Eric Cantor: "No regrets" after stunning re-election defeat
House Majority Leader Eric Cantor, R-Va., said Sunday he has "no regrets" after a stunning re-election upset this week at the hands of a primary challenger.
The autopsy of Cantor's defeat continued, though, with a number of prominent Republicans saying the Republican leader lost his seat because of his stance on immigration - or his lack thereof.
"I don't have any regrets because I remain focused on the mission that I'm about," Cantor told CNN, vowing to continue pushing conservative policies wherever he lands next.
He also said he'd vote in the general election for David Brat, the tea party-backed college professor who ousted him Tuesday. "I want a Republican to hold this seat, of course," he said.
In a separate interview on ABC, Cantor declined to join the post-mortem speculation about why he lost, saying there wasn't "one particular reason why the outcome was what it was."
Cantor's fellow Republicans, though, didn't have too much trouble identifying the culprit: immigration reform.
Brat made his opposition to immigration reform and "amnesty" a cornerstone of his campaign, and some Republicans said Cantor lost his job because he was too supportive of immigration reform efforts pushed by Democrats.
"Earthshaking primary results in Virginia tonight," tweeted Rep. Steve King, R-Iowa Tuesday after Cantor's loss. "Resounding rejection of #Amnesty and support for Rule of Law."
King, one of the House's loudest opponents of immigration reform, later tweeted, "Wanted: Applicants for Majority Leader in US House who have a record opposing amnesty."
Others, though, said Cantor's mistake was being too vague and too timid on the issue, not too aggressive.
Providing a sharp contrast to Cantor's fate, Sen. Lindsey Graham, R-S.C., won his own contested primary this week after openly supporting a comprehensive immigration reform bill that included a pathway to citizenship. He said Cantor lost by muddling the issue, instead of taking a clear position.
"I don't think Eric got beat because of his stand on immigration," he said. "I think he got beat because of his lack of defining himself on immigration."
Graham advised his fellow Republicans to unabashedly back comprehensive reform, including an earned path to citizenship for undocumented workers, before they become politically obsolete.

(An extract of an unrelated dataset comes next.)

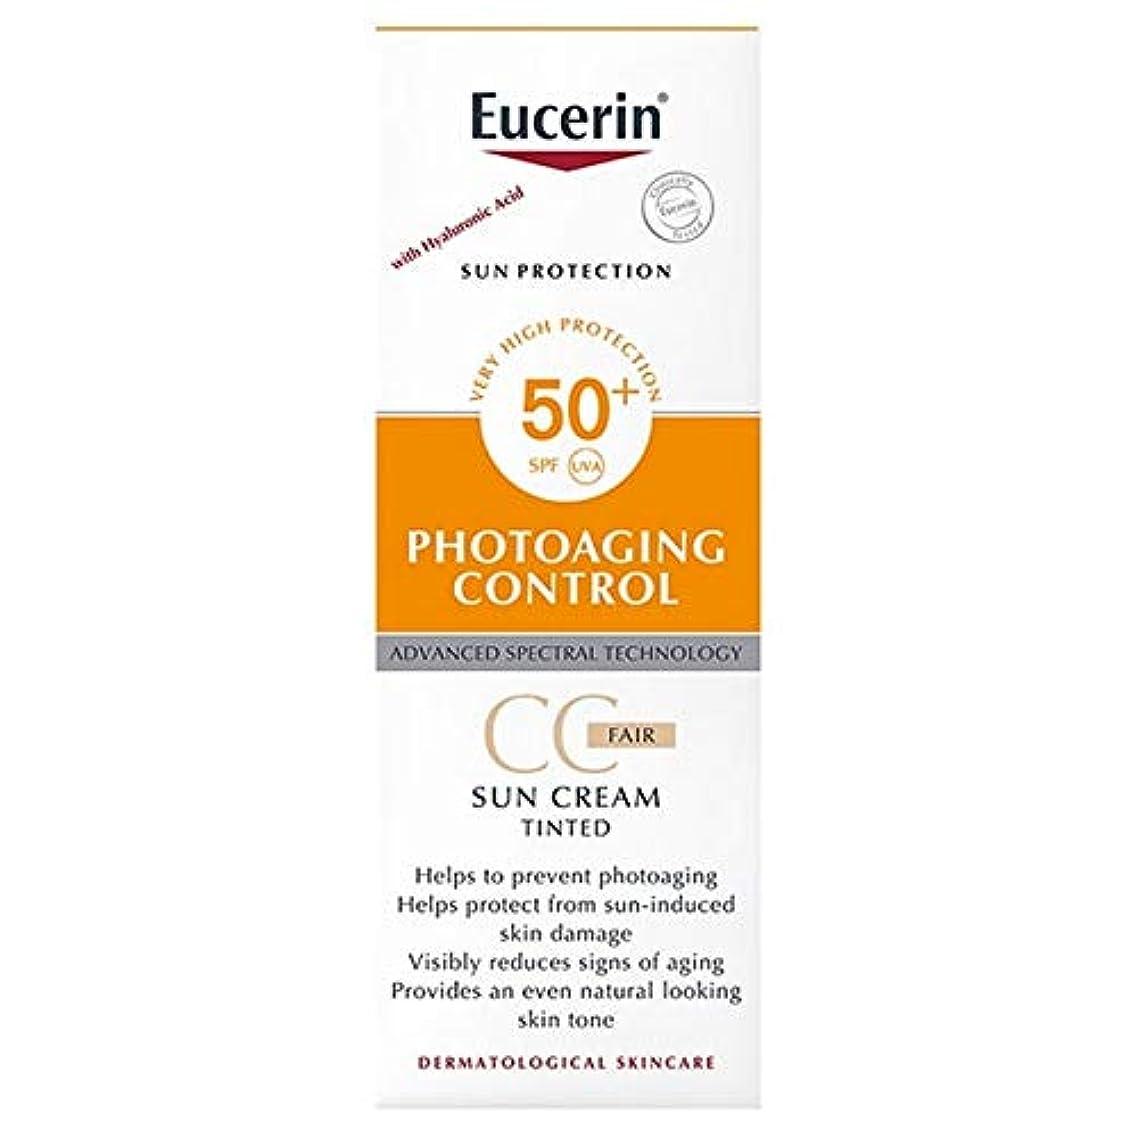 暗唱する主に任命する[Eucerin ] ユーセリンの光老化制御着色公正日クリームSpf50の50ミリリットル - Eucerin Photoaging Control Tinted Fair Sun Cream SPF50 50ml [並行輸入品]
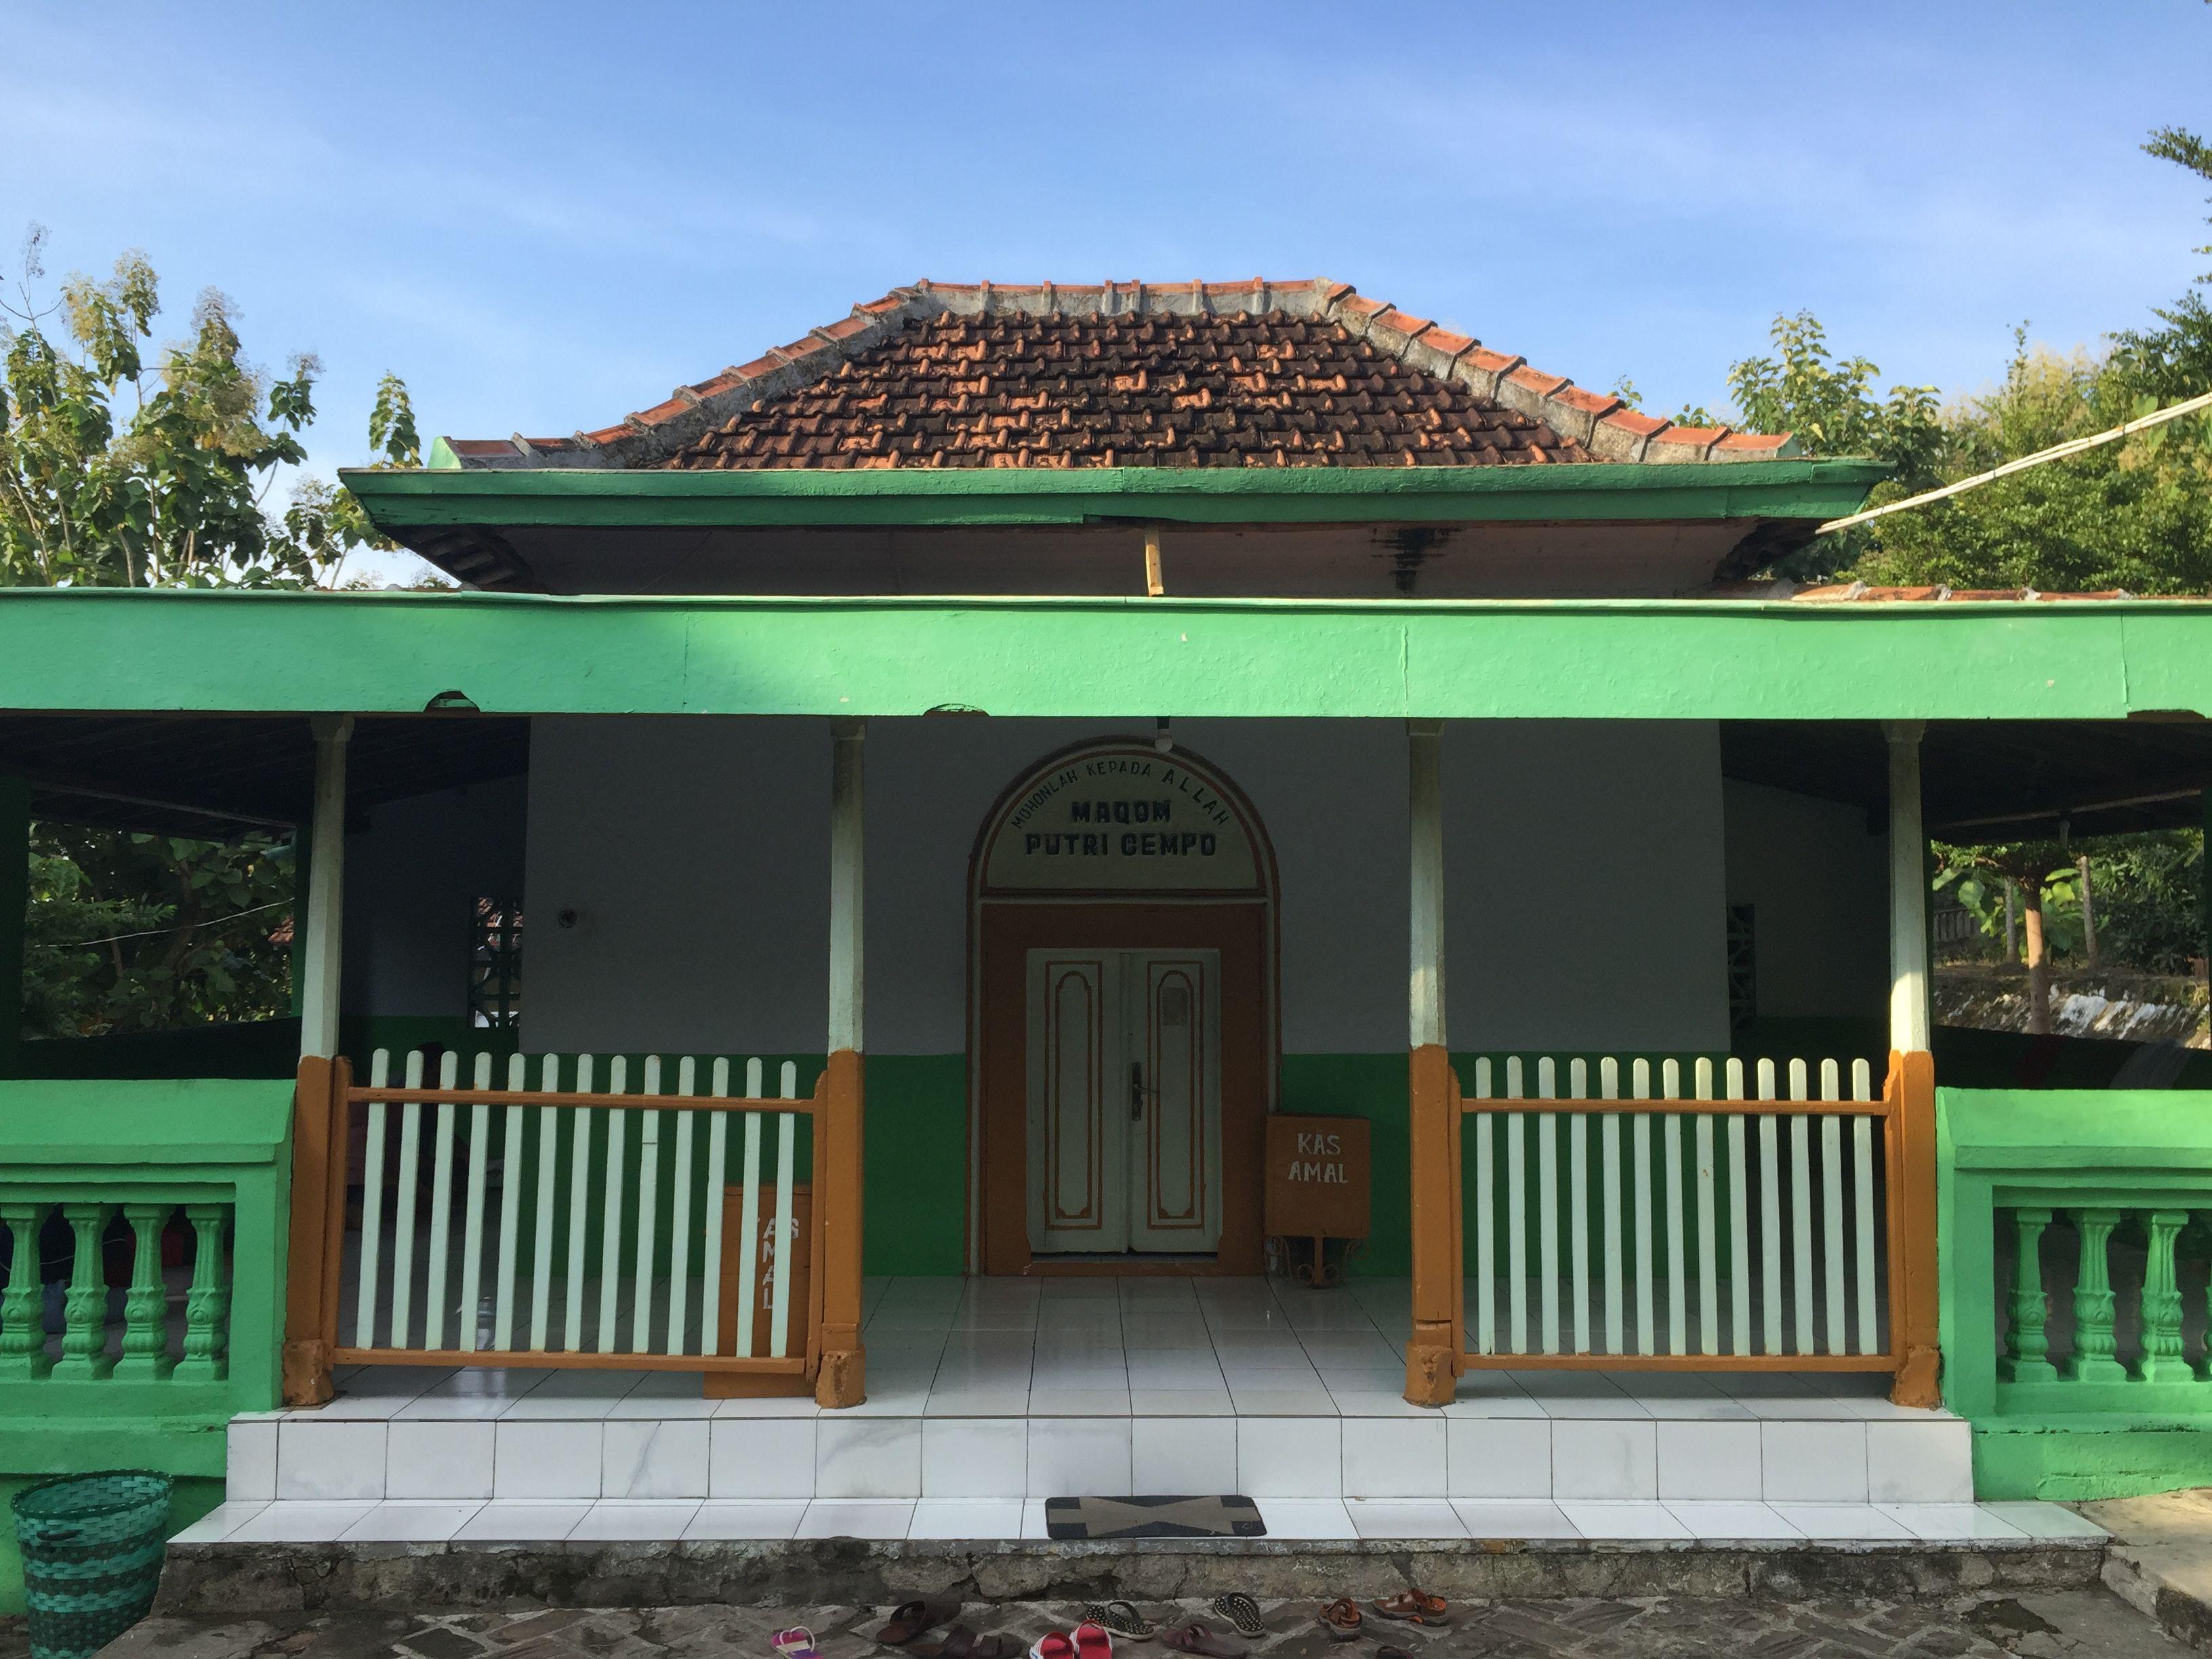 Makam Putri Cempo Situs Pasujudan Sunan Bonang Lasem Rembang Petilasan

CBS News congressional correspondent Nancy Cordes said on "Face the Nation" that Cantor's repeated shifts on immigration policy left voters confused.
"The bigger challenge for Eric Cantor was not the fact that he was for immigration reform or against it but that people didn't really know where he stood. First he came out very forcefully against immigration. Then he said he was for it for the kids, and then he backed away from that when it looked like that was unpopular," she said. "So I think the challenge for people in his district on not just that issue but a number of issues was that they weren't really quite sure where he stood."
Cantor "was never on either side on immigration," agreed PBS' Gwen Ifill. "He tried to have it both ways."
Cantor himself didn't buy into the argument that he lost his job because he waffled on immigration.
"My position never wavered," he said on ABC. "I have always taken the position that I'm not for a comprehensive amnesty bill. I have always said that we ought to deal with the kids who did not break any laws and themselves came into this country, in many cases, unbeknownst to them."
"Did that infuriate folks on both sides?" he asked. "Sure. But it is the principled position."
And some other Republicans wondered whether the thorny politics of immigration reform really sealed Cantor's fate or whether something else was at play.
"I think it played a role, but again, there are a lot of other issues in this race as well," said Rep. Greg Walden, R-Ore., the chairman of the National Republican Congressional Committee, on "Fox News Sunday."
Republican National Committee Chair Reince Priebus argued on "Face the Nation" that Cantor's national profile was a bigger handicap than his position on immigration.
"When you're trying to be a majority leader - and Eric did a great job of it - but it takes you out all over this country, it takes you out of your district," Priebus said. "And pretty soon, that good work that you're doing nationally becomes a liability locally."